Cohabitation and self protection.

We are being told that despite average mortgage payments having fallen to 2003 levels, it is now more difficult for first time buyers to get a foot on the housing ladder according to a new survey by RBS.

The Ability to Buy Index makes pretty dire reading for first time buyers. With mortgages difficult to come by, save for those with significant deposits, the current increased costs of living and current uncertain economic climate most first time buyers will probably be sitting tight.

However many estate agents will tell you that it is a great time to buy with significant numbers of properties on books but too few buyers driving the prices down in certain areas.

But for those many individuals who decide as a couple to take the plunge, there is the legal minefield of how to own the property and in what shares. Most couples may be able to have a joint deposit which they have saved together, or agree to put the same amount into a property as the deposit. But in my experience this is rare. Most couples have different resources, either through family wealth or different lifestyles. Typically a female partner will have more money to invest than her male partner.

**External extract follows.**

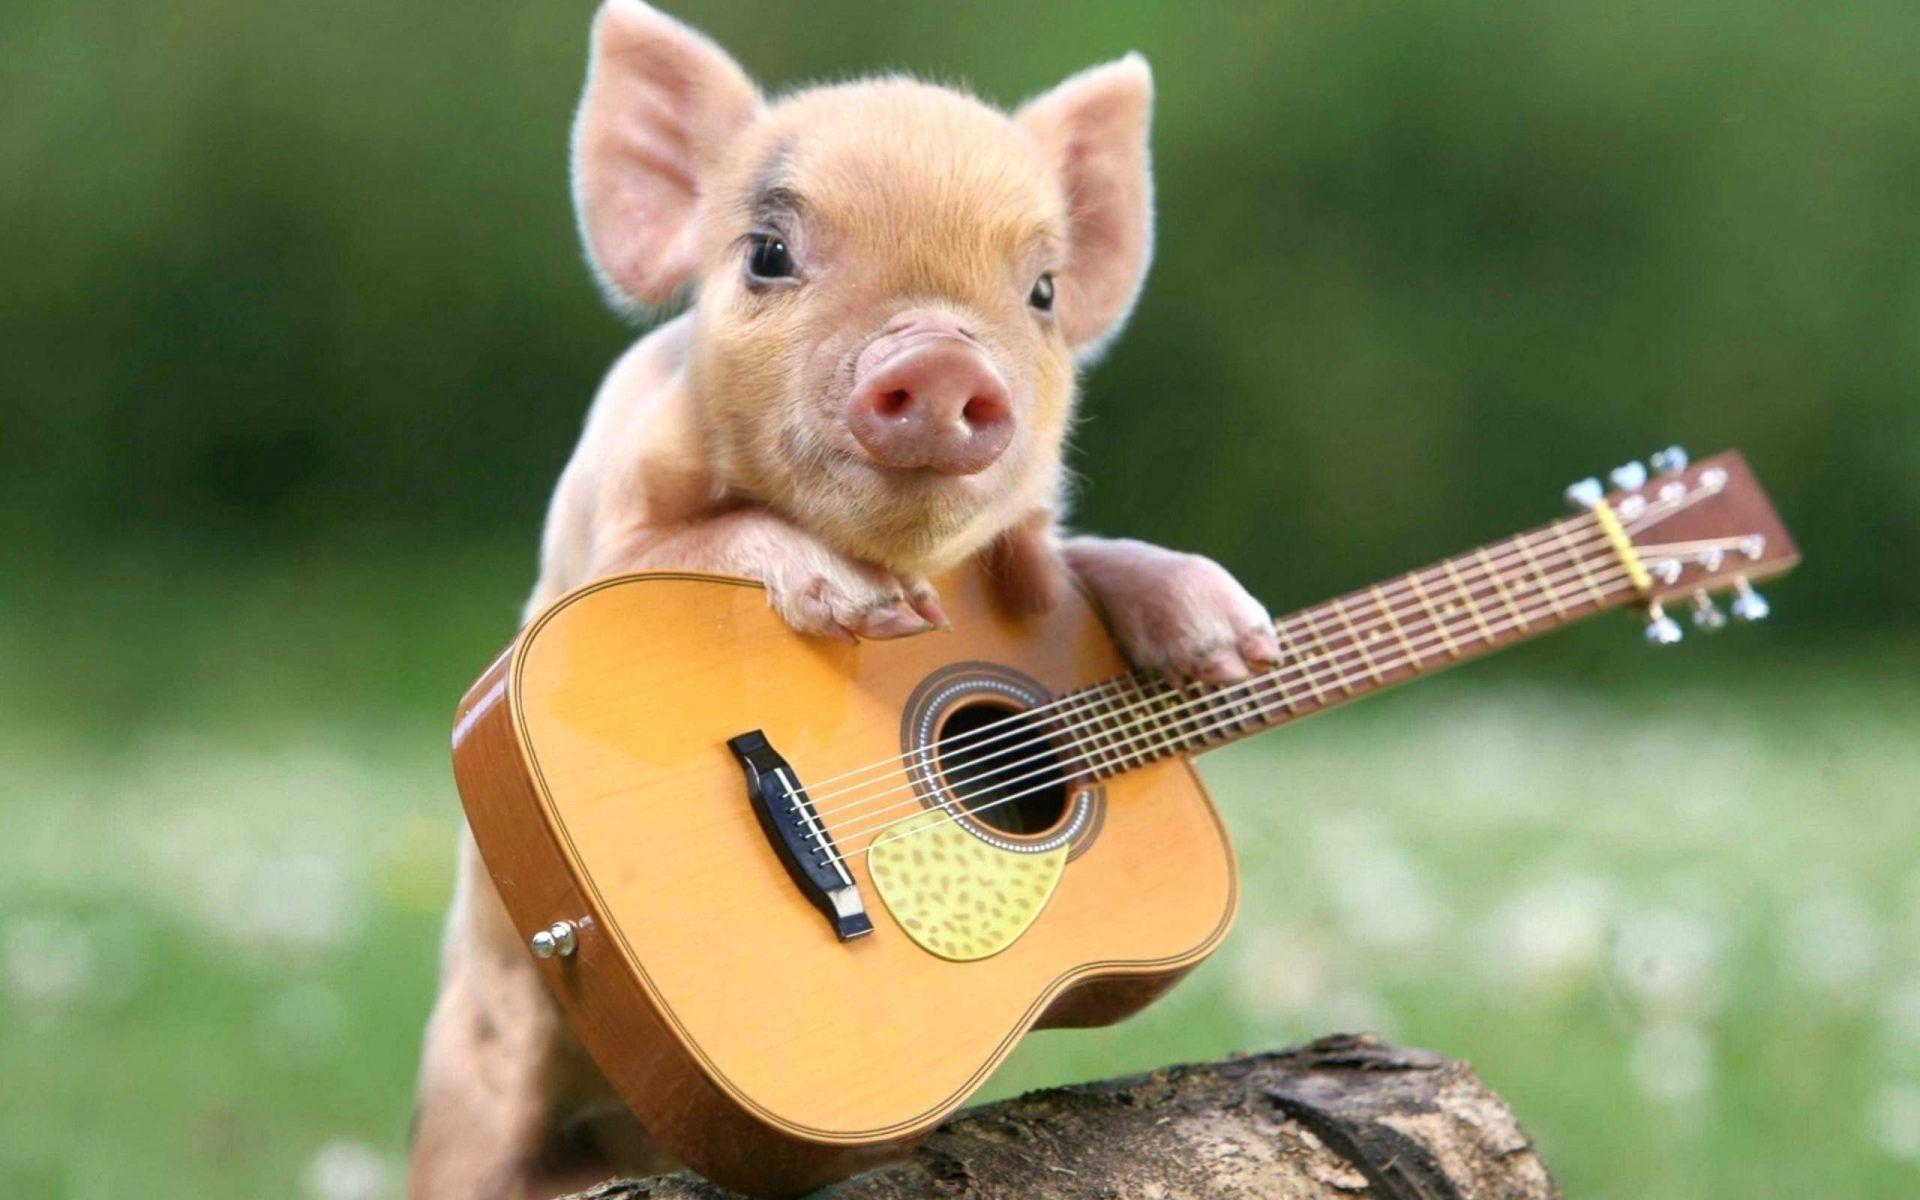 Cute Pig Wallpaper HD Download For Desktop Of Little Cute Piglet
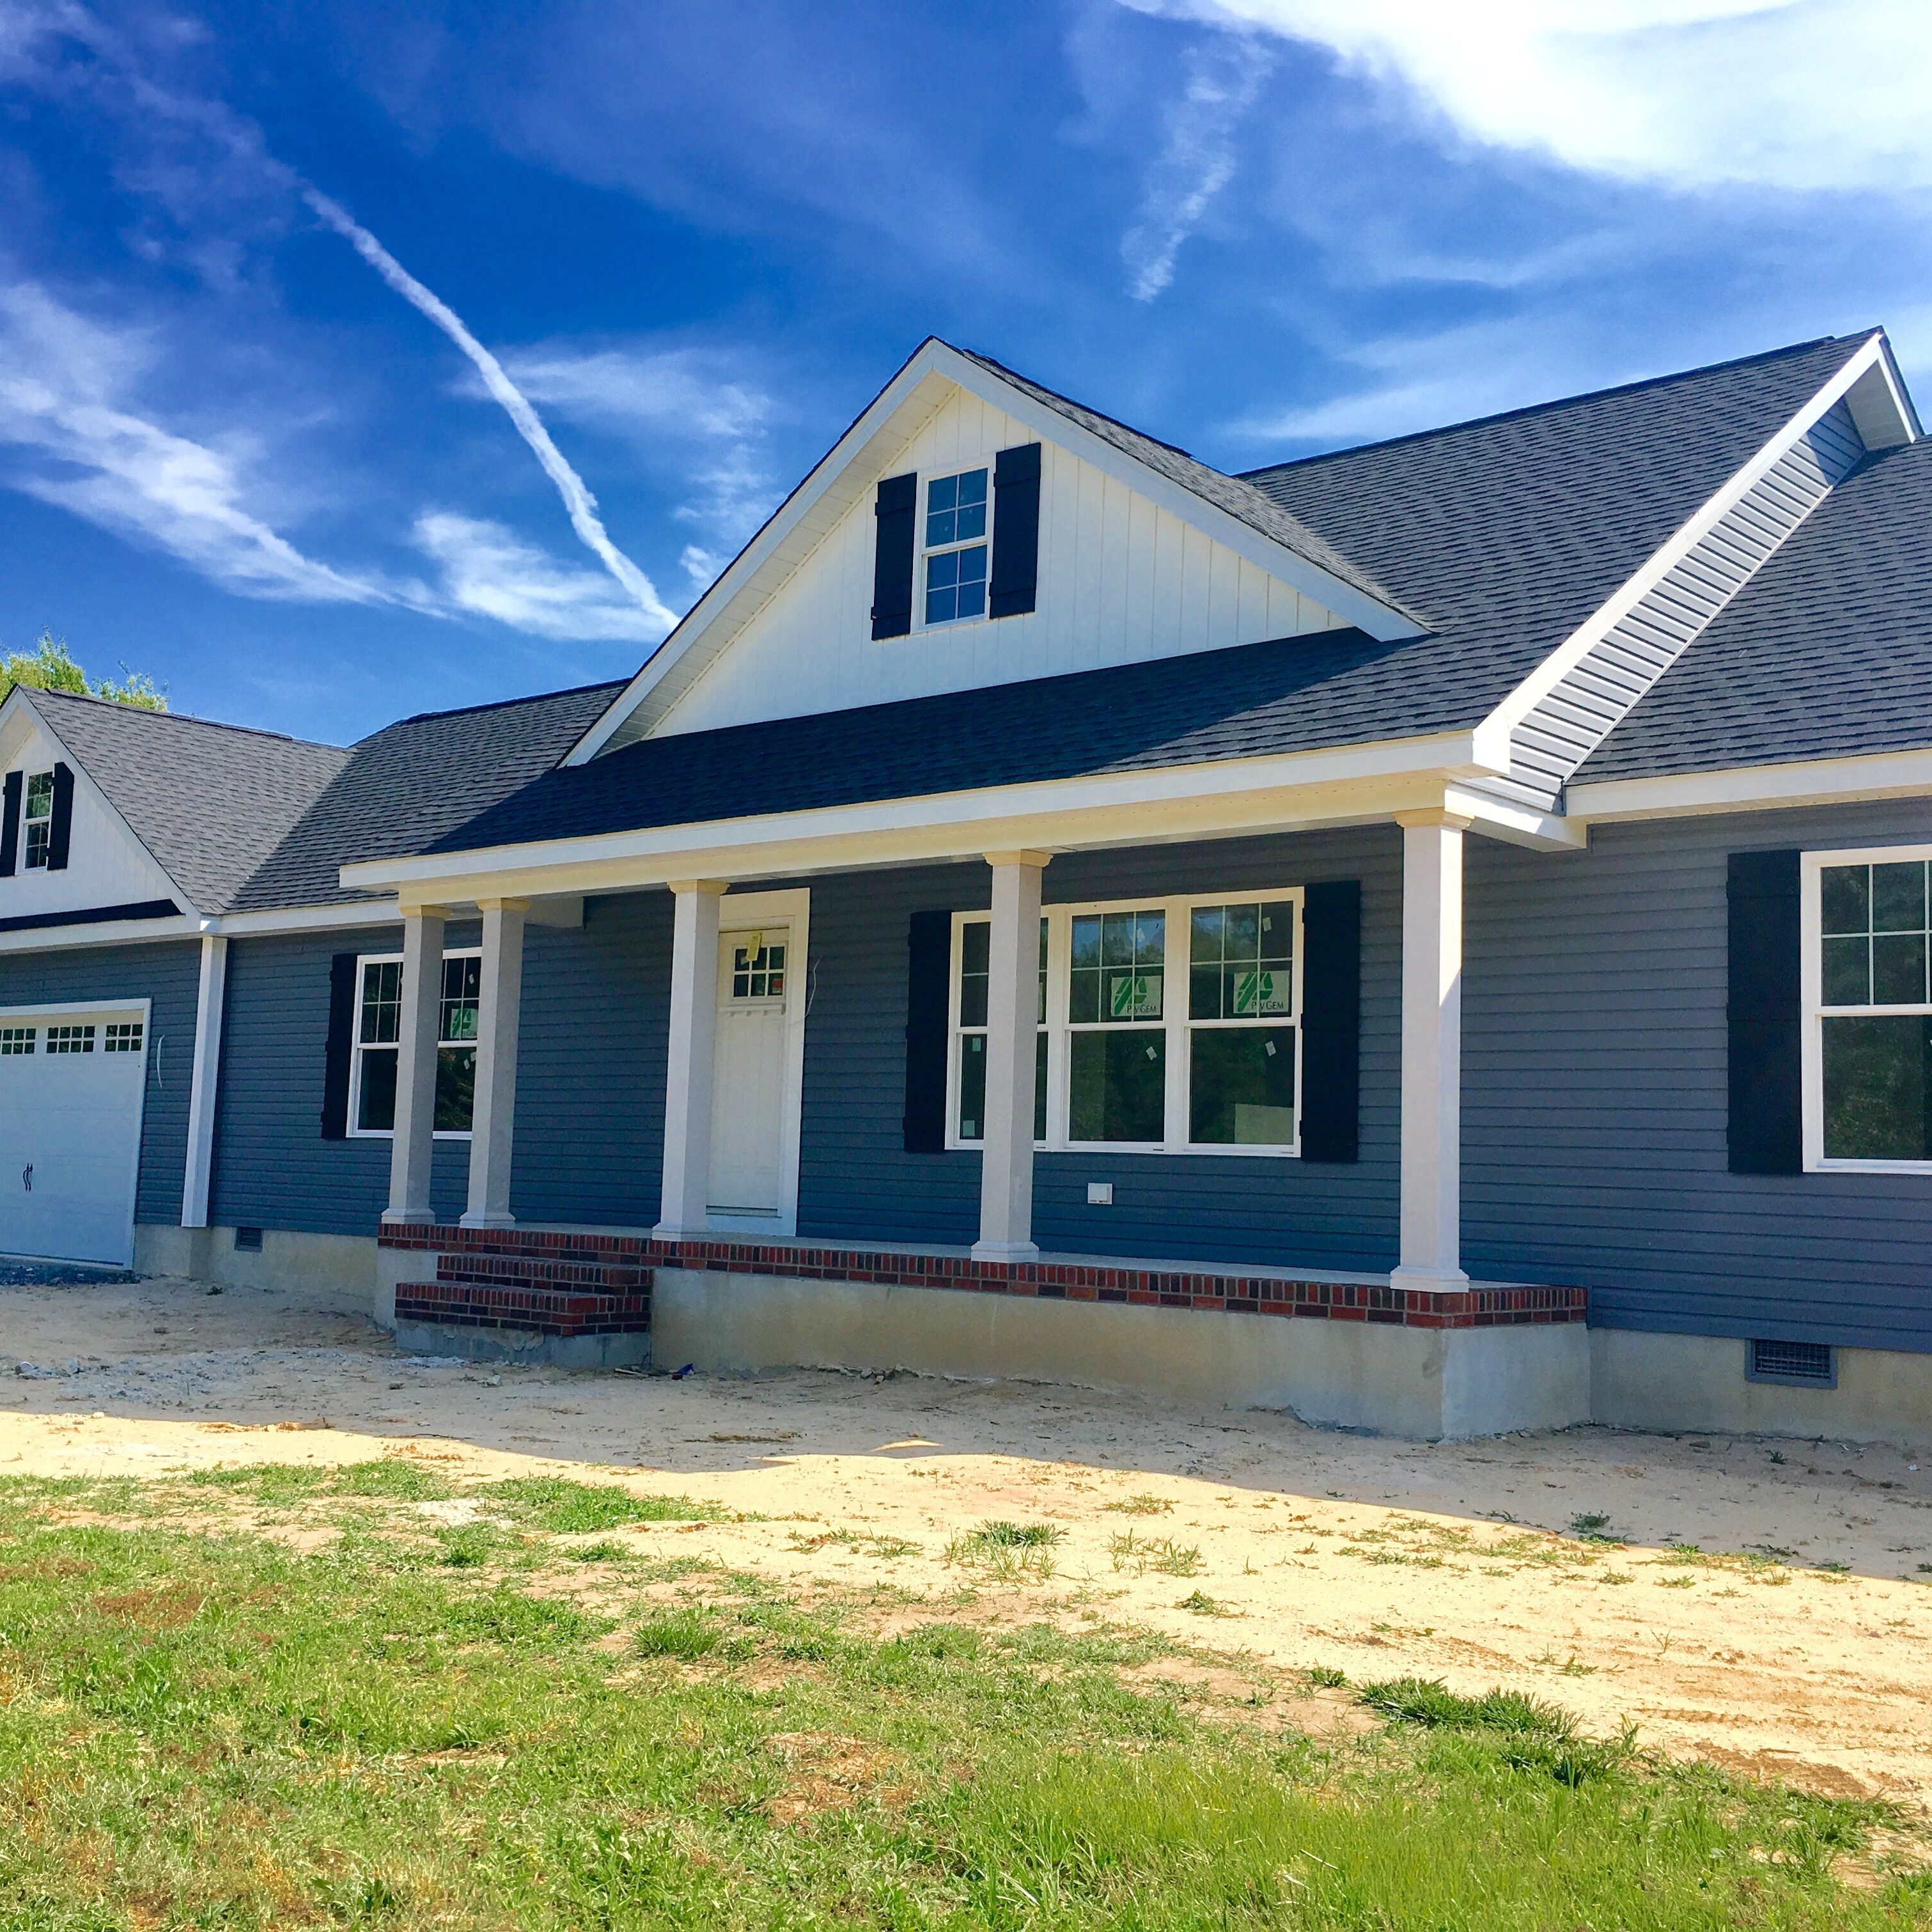 Delaware custom home plans designs hunter creek homes for Our home designs

The couples incomes may also be different. So how do we advise a couple to own a property? We ask them to consider the unthinkable, their relationship breaking down. Their faces drop and even more so if we have to ask one party to leave the room so that the other may have independent advice if they stand to lose upon the proposed arrangement.

The best advice is that they consider a written agreement as to their shares in property ownership yet it is estimated that only 15% of couples have an agreement. Many agreements are compulsory across European jurisdictions and will clearly avoid costly litigation in the future.

We point out the findings by the Supreme Court in Jones v Kernott where eventually Mrs Jones walked away with a 90% share of the jointly owned property but highlighted the urgent need for this area of the law to be reformed as it took four different hearings in four different courts and significant expense to still leave many without agreements at the mercy of the Judiciary.